Staking and summer phloxes

Staking and summer phloxes

By Jodie Jones

This week Great Dixter I started the day by watering all the pots. This required more concentration than you might think because there are so many plants crammed into each display, with their foliage all knit together, that it’s hard to know where each pot ends and fresh air begins. Peering closely reminded me (yet again) how important it is to consider form and foliage when combining plants, not just flower.

Although I did also notice that the petunia pots needed deadheading, and spent a sticky few minutes snipping off spent blooms and nascent seed pods.

Then I joined in a team effort to get as many cosmos staked as possible before the bad weather forecast for the weekend inflicted any lasting damage. The aim, as with the best ladies’ corsetry, was to provide maximum support with minimum visible presence.

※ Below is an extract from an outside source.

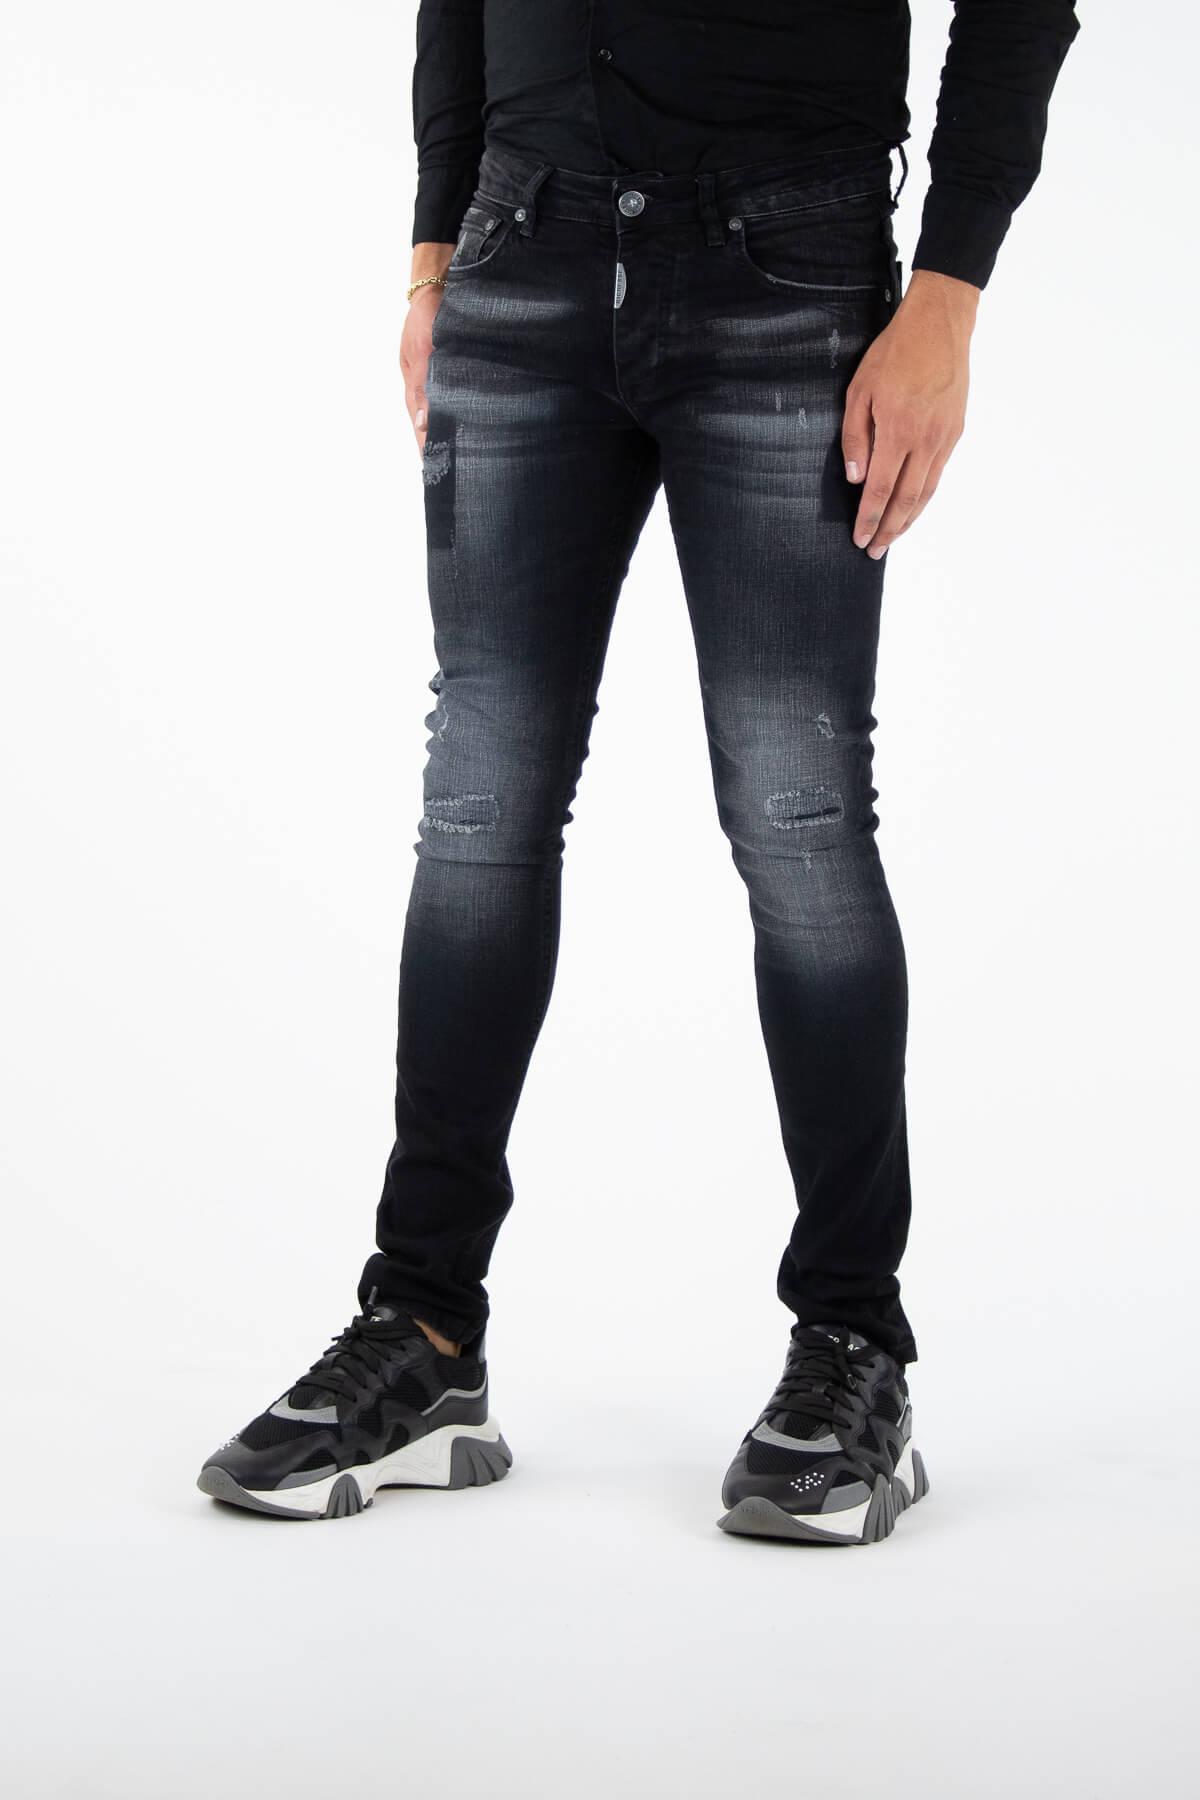 Novara Black Jeans-3

Our efforts were curtailed by a distinct lack of suitable canes, and we got sidetracked into a discussion about the tidal wave of Anemanthele lessoniana currently washing over the perimeter paths in the High Garden. Suddenly a visitor from New Zealand popped up out of the undergrowth to observe that this plant, aka the New Zealand wind grass, grew really badly in her North Island garden, before asking excitedly whether she really had just seen Fergus guiding Piet Oudolf around the garden… Yes, she had.

At lunchtime, phlox were on the menu. There’s a good display set up in the front porch at the moment and a lot of the cultivars have eccentric names dating from Christo’s days, including Long Border Mauve (from the Long Border…) and Doghouse Pink (from someone whose home used to be The Dog public house). People read out snippets about them from some of CL’s books, making Fergus smile at the memory of the man behind the words, and for a moment it felt like he had joined us at the messy mess room table. 

In the afternoon we potted on absolutely masses of Isatis tinctoria and then tackled an A4-sized wooden tray of Phlox paniculata root cuttings taken only last November. These had grown extremely well and Fergus guessed we would end up with 62 individual plants. Sadly, I have to report that he was completely wrong. We only got 59 in the end.